The resolution also calls on President Barack Obama to not attend the upcoming G8 summit of industrialized nations in Sochi, and to "consider expelling" Russia from the group "given its international aggression."
It urges the administration to work with "our European allies and other countries" to "impose visa, financial, trade, and other sanctions on senior Russian officials, majority state-owned banks and commercial organizations, and other state agencies, as appropriate."
The measure would not carry the force of law, but would instead express House sentiment on the matter, according to committee chairman Ed Royce, who added that he expects bipartisan support when the panel puts it up for a vote as early as Thursday.
Royce said he and the top Democrat on the committee, Rep. Eliot Engel of New York, drafted the proposal.
Some top business figures with close ties to Russian President Vladimir Putin "have a tremendous amount of money" in western banks and "they laundered that money to get it there, so it's very susceptible to asset freezes," Royce said.
Royce said the resolution was "a first step," but he stressed that it would serve as direction to the Obama administration and the Kremlin "in terms of where the U.S. Congress stands" on the matter.
Obama and Secretary of State John Kerry have already warned Putin of possible international sanctions and other steps to isolate Russia diplomatically and economically if he escalates the Ukraine crisis.

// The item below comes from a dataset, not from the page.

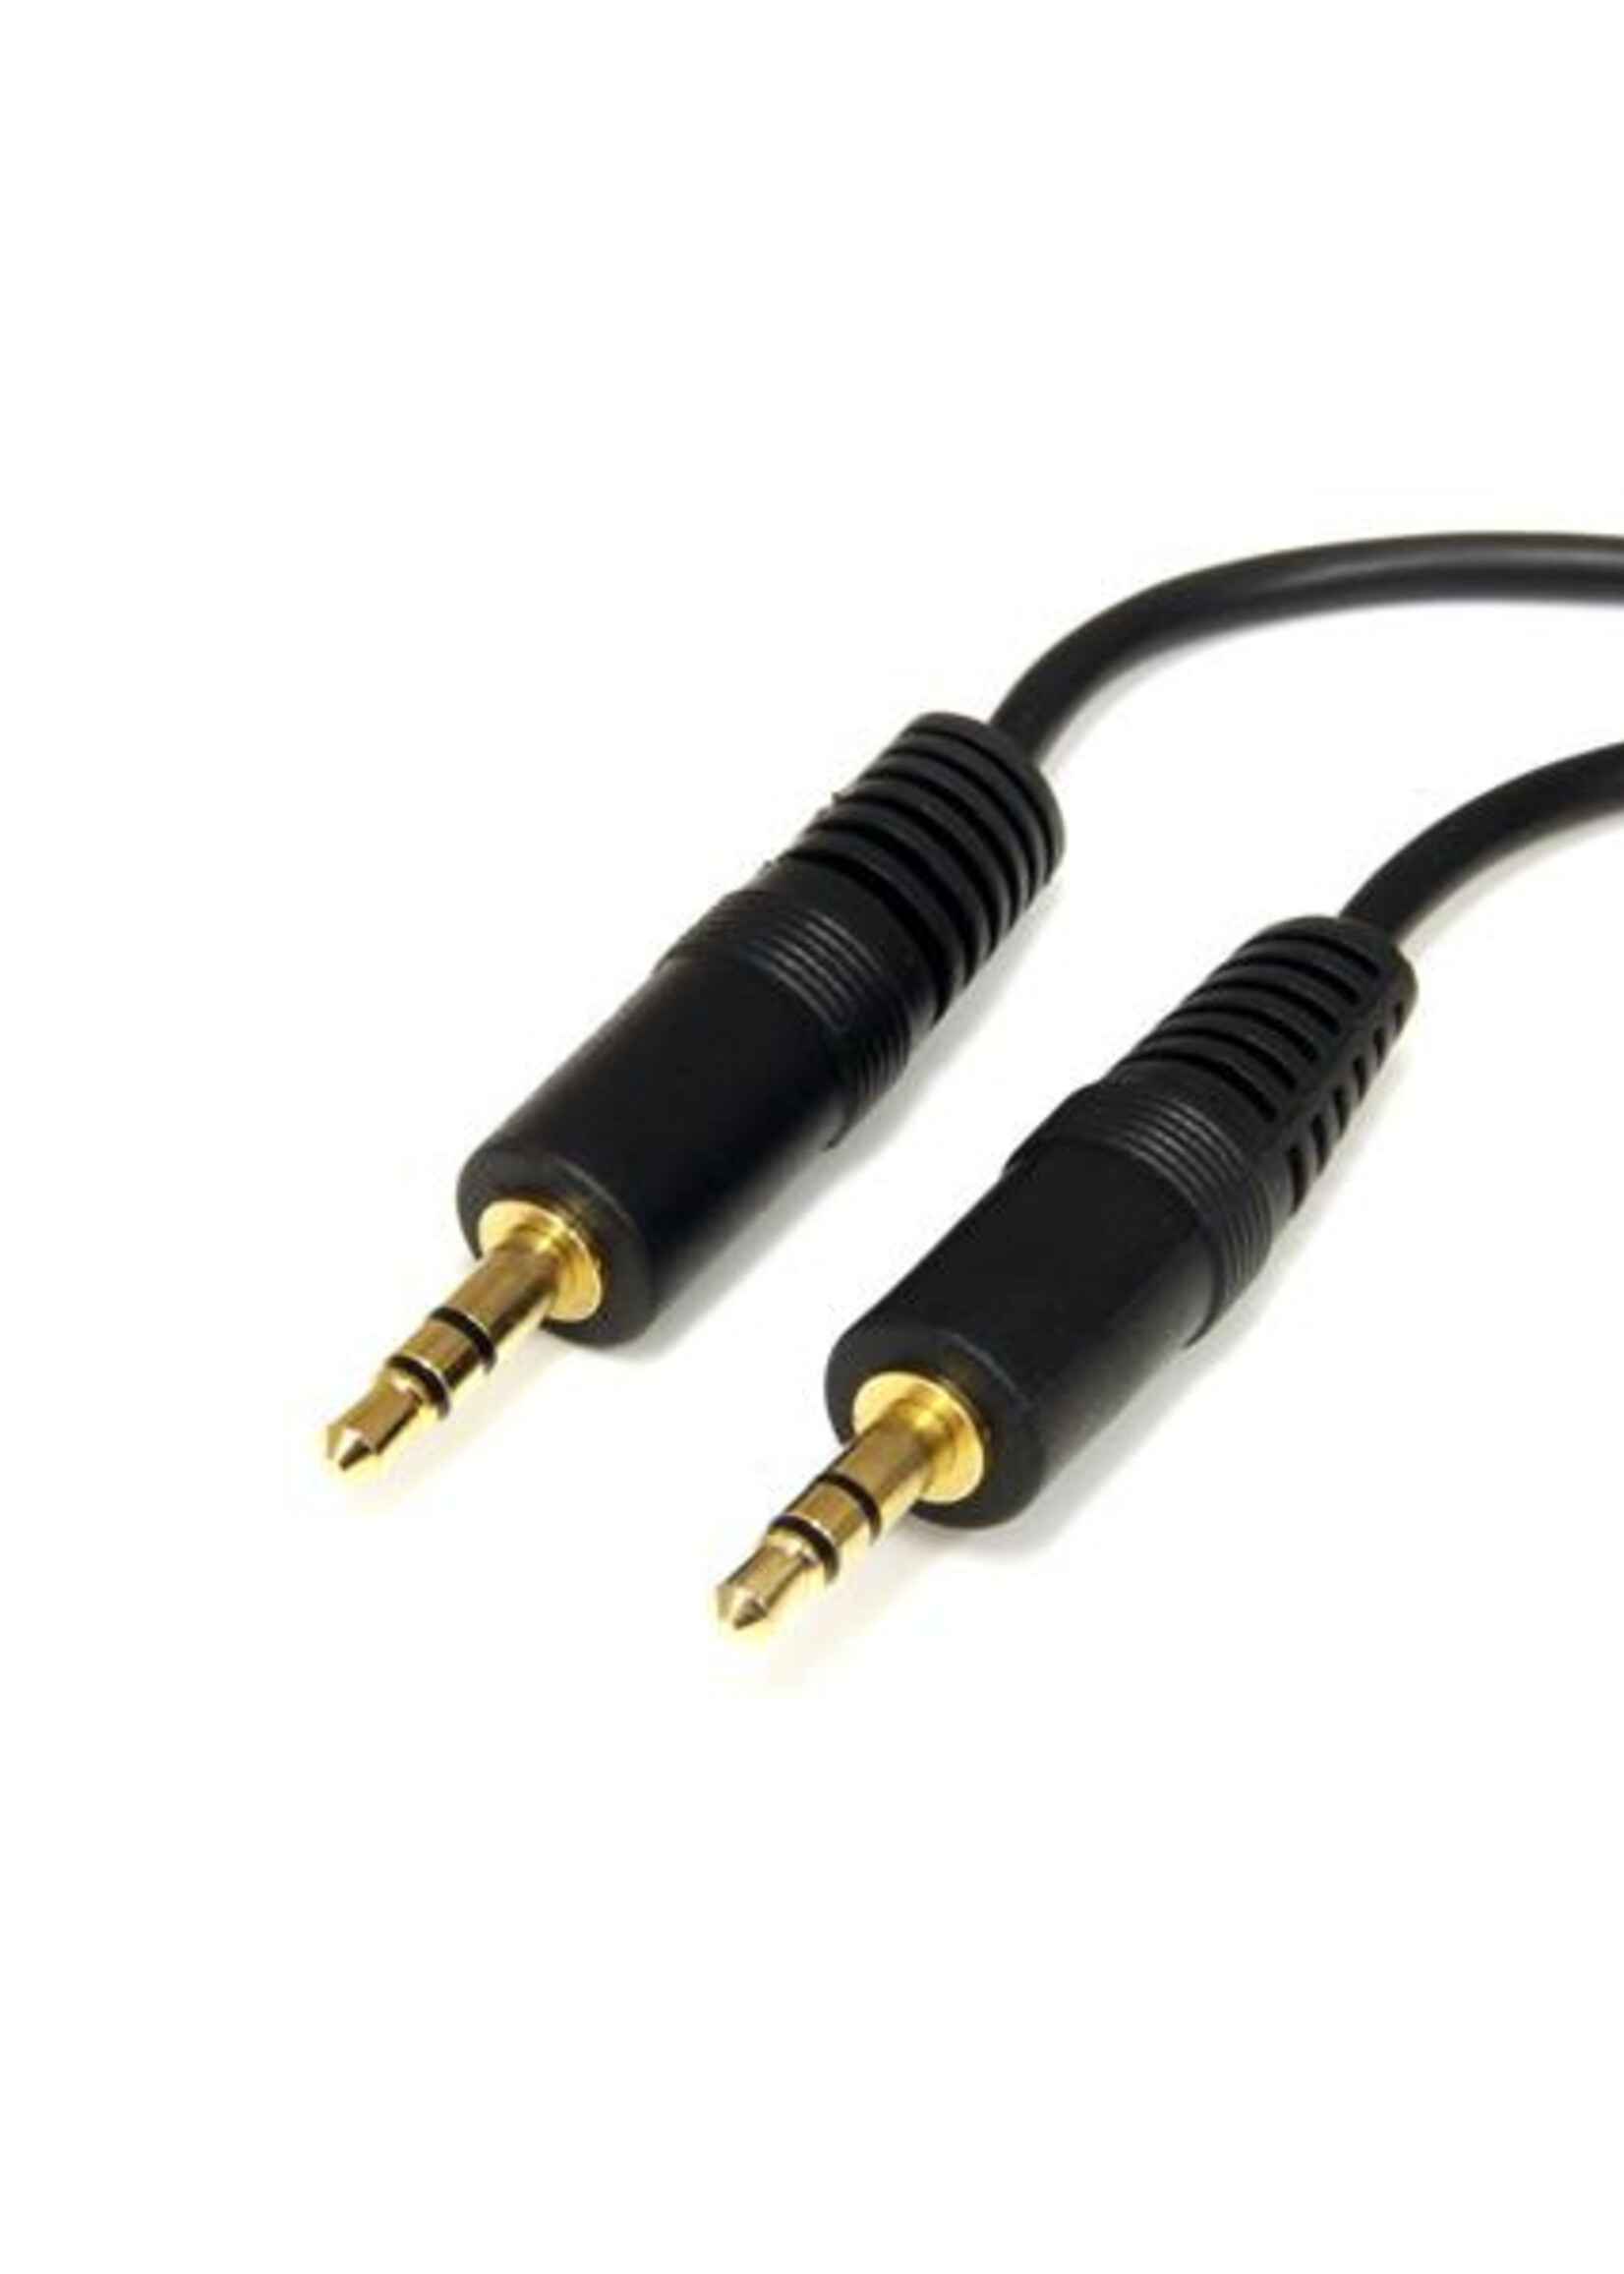 6 ft 3.5mm Stereo Audio Cable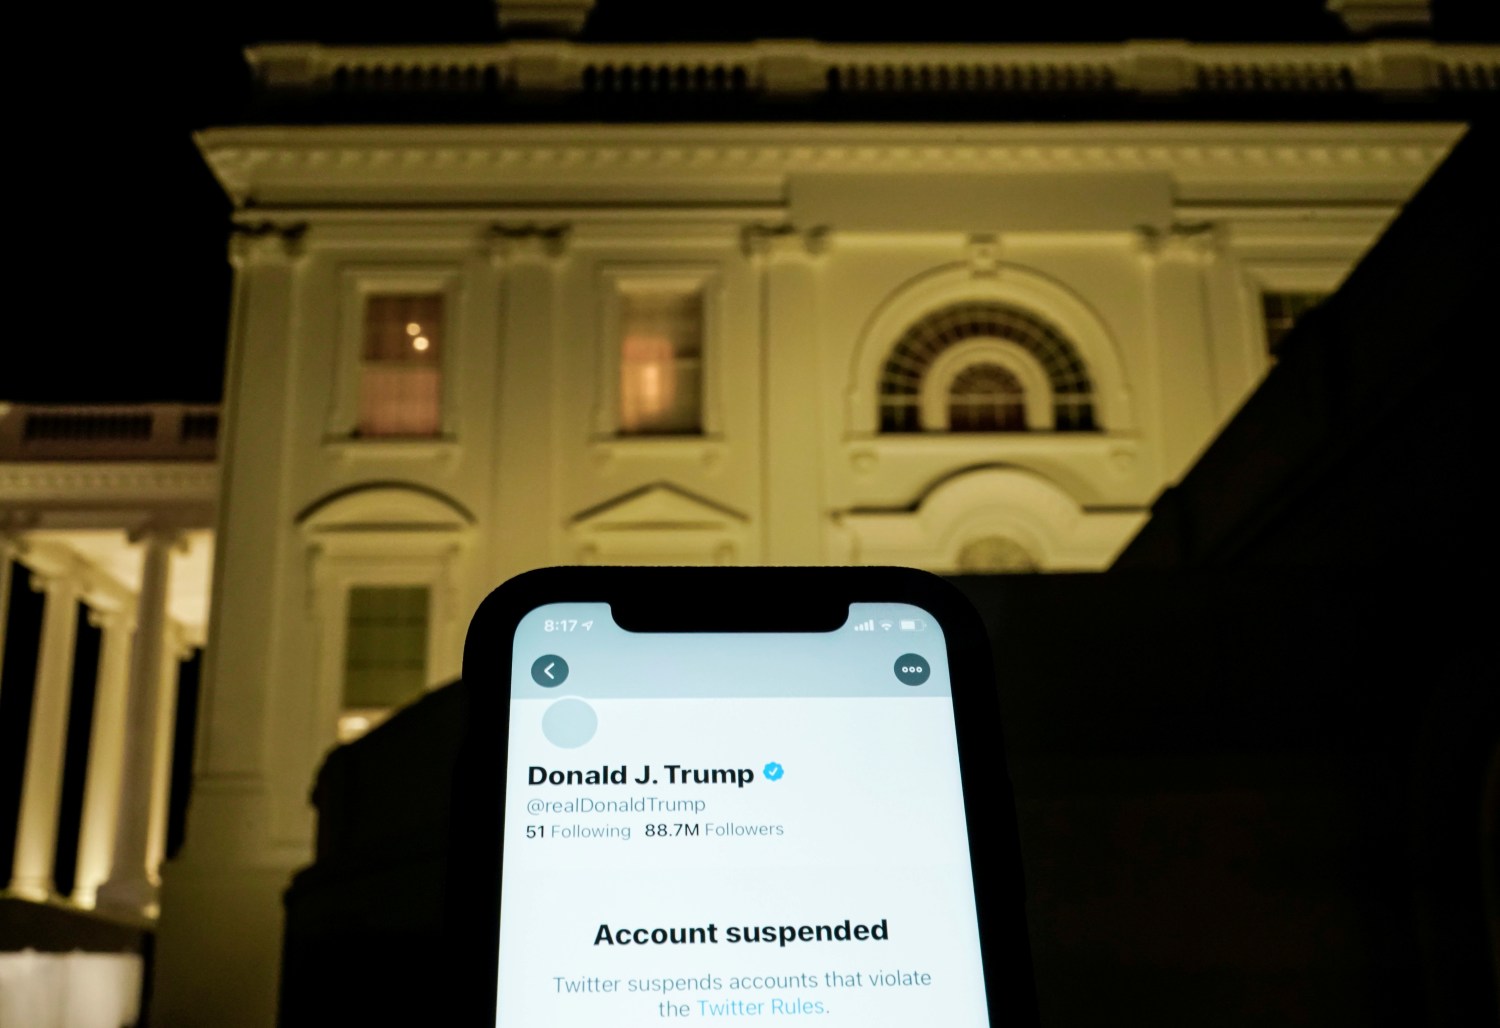 A photo illustration shows the suspended Twitter account of former President Donald Trump on a smartphone in front of the White House.

The goal of such an approach would be to hit Putin where it hurts by weakening the ruble and Russia's economy while avoiding the possibility of igniting an already volatile crisis to a new level of confrontation and possible violence.
Congress will have a say in the focus and size of the U.S. response.
Multiple congressional committees are discussing how to move forward with sanctions against Moscow as well as other legislation aimed at helping Kiev.
A separate loan guarantee package is moving through the House Appropriations Committee, and a senior House Republican leadership aide told CNN a vote on that measure could come as early as Thursday as well.
The Foreign Affairs Committee resolution says the United States should participate with European allies and other countries in a joint effort to "provide Ukraine with financial, economic and technical assistance."
Senate Majority Leader Harry Reid said earlier this week that the United States should only consider sanctions in coordination with Europe.
Some European allies, particularly Germany and France, are balking at sanctions before giving diplomacy a chance.
The Obama administration has already extended $1 billion in loan guarantees to help insulate the Ukrainian economy from the effects of reduced energy subsidies from Russia.